VLBI studies of FLASH H I 21-cm absorbers -- I

TL;DR

This study uses VLBA 1.4 GHz observations to analyze the structure and absorption properties of twelve high-redshift HI 21-cm absorbers, providing insights into the gas distribution and covering factors at cosmological distances.

Contribution

It introduces a methodology to determine whether core or total emission causes HI absorption and estimates gas covering factors and optical depths using VLBA data.

Findings

Seven sources have cores capable of producing all observed HI absorption.

Large fractions of emission could be occulted by gas in some sources.

HI 21-cm velocity-integrated optical depths are constrained, affecting absorption estimates.

Abstract

We have conducted VLBA 1.4 GHz (L-band) continuum observations towards twelve sources with HI 21-cm absorption detections at redshift $0.4<z<0.7$ in the pilot surveys of FLASH, an ongoing survey with the ASKAP radio telescope. 11 of the 12 targets are resolved in the VLBA observations. Using the parsec scale radio images, we have classified the source morphology and identified the radio core. Six of the twelve targets have core-jet morphology, four have two-sided jet morphology, one has a complex morphology, and one is unresolved. We describe a methodology to test whether the emission from the core or the total emission detected in the VLBA image has sufficient flux density to cause the entire HI 21-cm absorption, and we estimate limits on the gas covering factor and velocity-integrated optical depth (VOD).
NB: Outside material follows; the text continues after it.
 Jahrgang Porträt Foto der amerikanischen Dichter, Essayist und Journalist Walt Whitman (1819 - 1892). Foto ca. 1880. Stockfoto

We find that for seven of the twelve sources, the core has sufficient flux density to cause all the HI 21-cm absorption detected in the ASKAP spectrum. For three other targets, with projected sizes in the range $\rm 305-409 \ pc$, a large fraction of the entire emission in the VLBA map could be occulted by the gas. For 0903+010 (NVSS J090331+010846), we estimate that at least $\approx 73\%$ of the peak absorption detected in the ASKAP spectrum could arise against the emission detected in the VLBA image. For the target 0023+010 (NVSS J002331+010114), we estimate an upper limit on the VOD of $\rm 169 \ km \ s^{-1}$, the highest in our sample. For 0903+010 (NVSS J090331+010846) we estimate a lower limit of $\rm 104 \ km \ s^{-1}$ on the VOD. We find that the distribution of HI 21-cm VODs at $0.4<z<1.0$ could increase by up to a factor of three after correction for the covering factors using our VLBA measurements.